# Presenting PreCT, or YACT (Yet Another Cube Timer)



## spdqbr (Dec 6, 2009)

Hi everyone,

I have finally managed to learn enough HTML, CSS, and JavaScript to cobble together a cube timer for the Palm Pre. It is not currently available through the app store or through Preware, but I hope to change that soon.

I have attached the package here along with installation instructions. It also runs just fine on the emulator, available for free from Palm.

Let is also be known that I really am not good with HTML, so if anyone wanted to make any suggestions on how to improve the look I would certainly welcome them.

Enjoy!

Edit:
Removed out of date attachment. See post below for download location.


----------



## jfly (Dec 7, 2009)

First off, I love the name!
I had to see this in action, so I just installed the emulator. PreCT looks very pretty. I wish I had a Palm Pre so I could really try it out. I think the timer start/stop triggers should just be the whole screen. That way, you can remove the buttons (and make the timer huge). Also, it seems like the timer isn't stopping until I release the screen, would it be possible to have it stop the second I click down? This may just be because I'm using an emulator. Also: don't bother with the cct xml files. They grow huge, and are going to be obsolete someday (hopefully soon). And I don't think scramble length is a huge deal either. It would be nicer to be able to delete accidental times instead.


----------



## Muesli (Dec 7, 2009)

j-fly said:


> First off, I love the name!
> I had to see this in action, so I just installed the emulator. PreCT looks very pretty. I wish I had a Palm Pre so I could really try it out. I think the timer start/stop triggers should just be the whole screen. That way, you can remove the buttons (and make the timer huge). Also, it seems like the timer isn't stopping until I release the screen, would it be possible to have it stop the second I click down? This may just be because I'm using an emulator. Also: don't bother with the cct xml files. They grow huge, and are going to be obsolete someday (hopefully soon). And I don't think scramble length is a huge deal either. It would be nicer to be able to delete accidental times instead.

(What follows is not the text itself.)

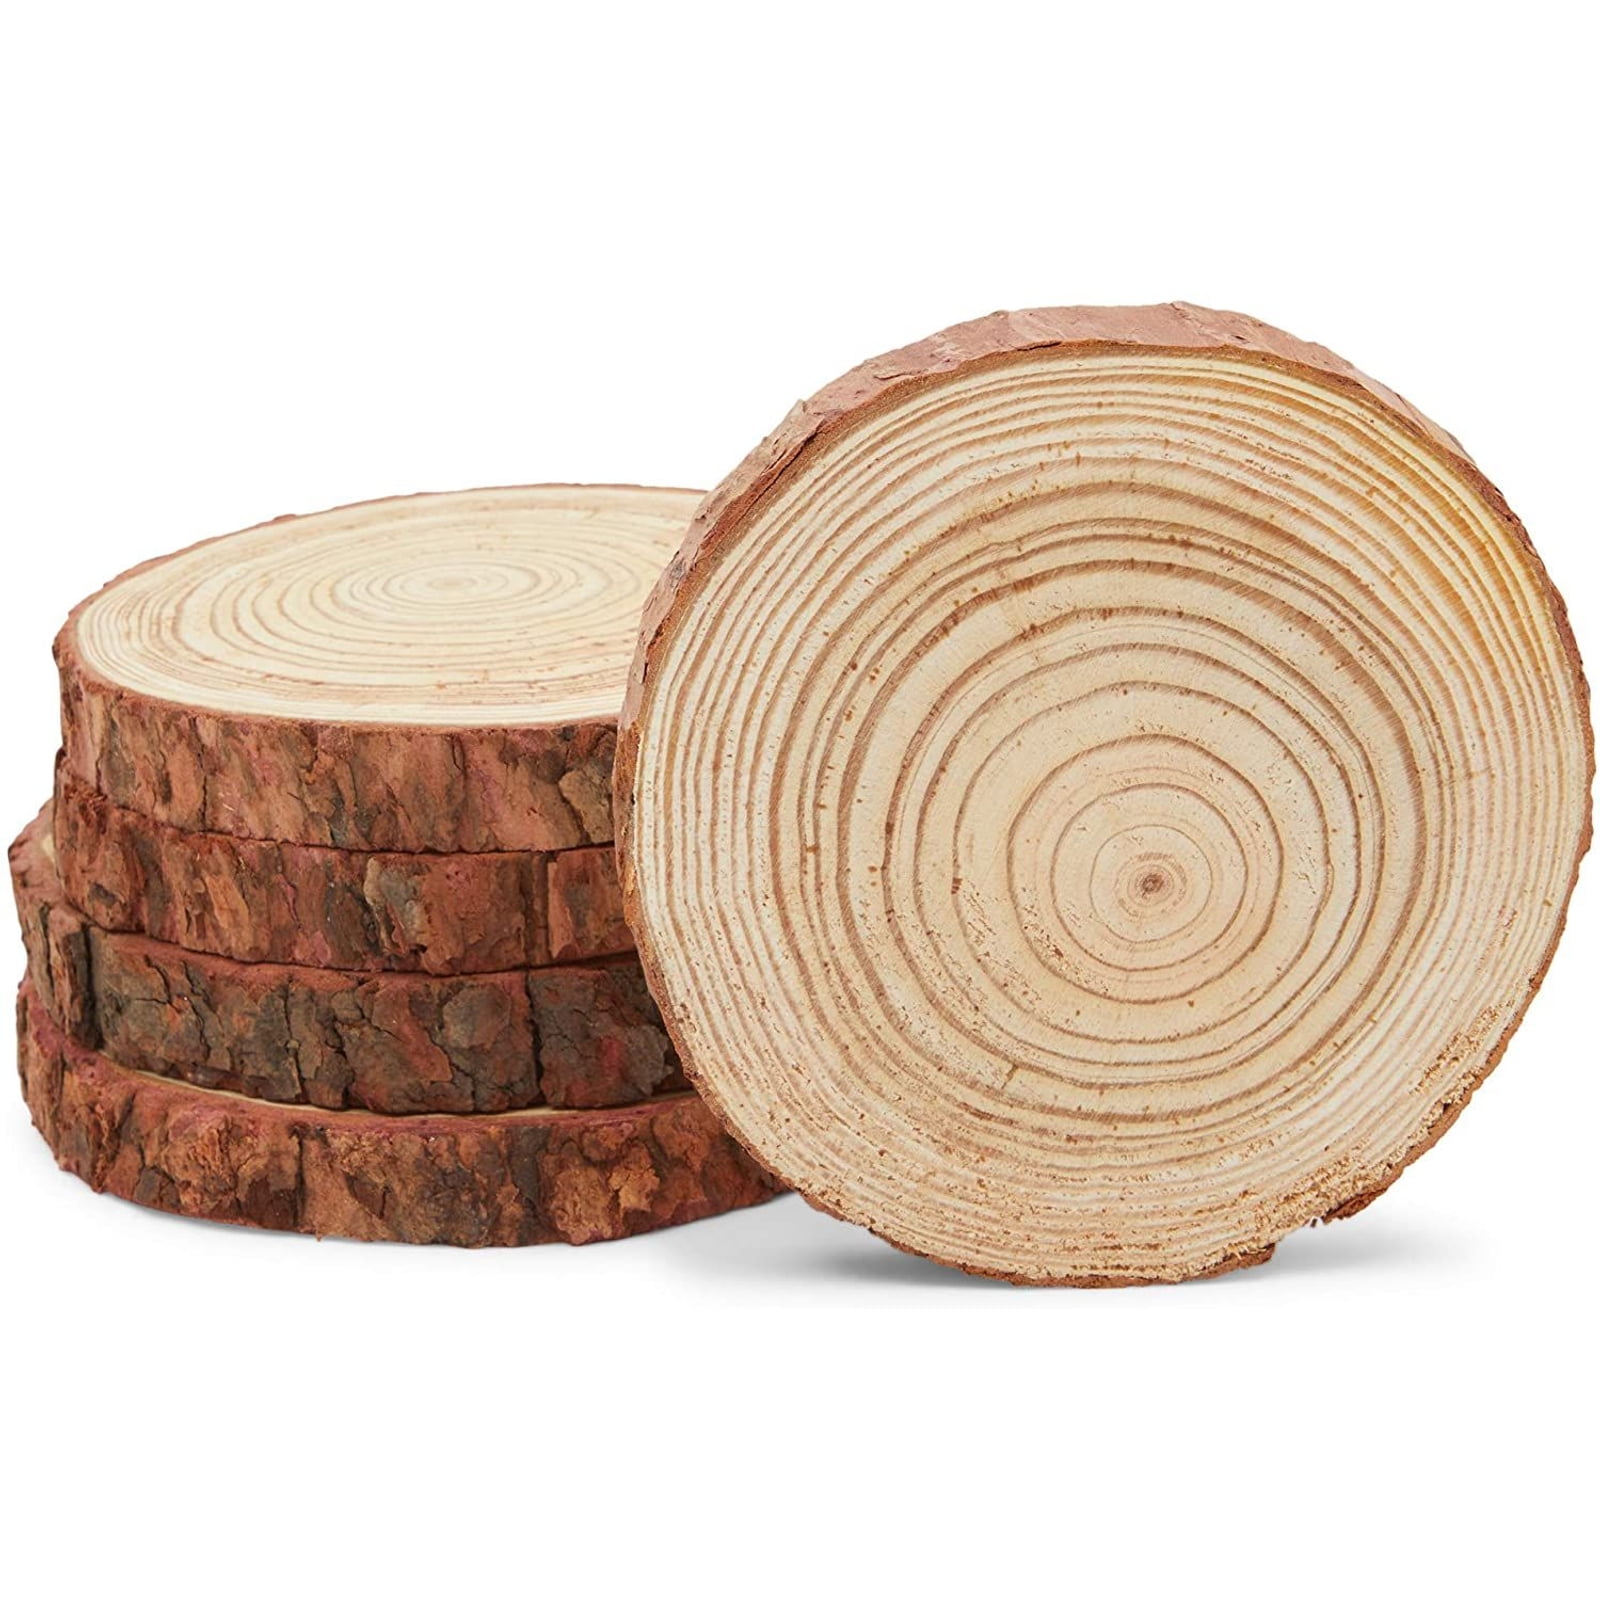 Round Pinewood Slabs Natural Wood Slices 6 to 7 inch Weathered Log Disc Rustic Tree Bark Slice Outdoor Country Barn Wedding Table Centerpiece, Pack of 6

There is a timer on the Iphone that has entire screen controls. It is really annoying because all you have to do is brush it with your sleeve and it stops. Buttons are better.


----------



## jfly (Dec 7, 2009)

I don't own an iphone or a palm pre, so I can't speak from experience, but does clothing really activate the iphone's touch screen? Do the phones detect pressure? Then maybe there could be a certain degree of pressure before the timer stops.

Also, what iphone timer are you speaking of? The only one I know of is on rubetimer.com. Boy, I wish we had a subforum for software.


----------



## Muesli (Dec 7, 2009)

Sandbest said:


> The iPhone (almost, see text after this sentence) only reacts on your finger. (But their is a funny topic (which I started) in a Dutch Apple Podcast, about things (other than body parts) you can control an iPhone with.)


Then how did I end up stopping the timer over and over by not touching with my finger?


----------



## FatBoyXPC (Dec 7, 2009)

The iPhone touchscreen works off conductance. A metal object you hold in your hand touching the screen will (most likely) work. Try like a butter knife or something. I don't have an iPhone so I can't sit there and test everything that would or would not work.


----------



## JTW2007 (Dec 8, 2009)

Musli4brekkies said:


> Sandbest said:
> 
> 
> > The iPhone (almost, see text after this sentence) only reacts on your finger. (But their is a funny topic (which I started) in a Dutch Apple Podcast, about things (other than body parts) you can control an iPhone with.)
> ...



My guess is that you didn't. You probably stopped it with your wrist or something and didn't notice, or it was a glitch in the program.

Daniel: Wish I had a Pre so I could try it out. I'm sure it's awesome though.


----------



## spdqbr (Jan 7, 2010)

Sorry to dig up old threads...

First and foremost, thanks for the comments everyone! I'll definitely be working the suggestions into future releases.

Second, there's been an update. I finally got permission the appropriate permissions to submit the PreCT to Palm's app catalog (Corporate America is weird).

I've also included the undo feature a few people mentioned.

Last, but not least, there is now a Google code repository for PreCT where I will be keeping the most up to date versions. (Hence the removal of the attached file in the first post.) I'll update when / if it gets accepted to the app store!


----------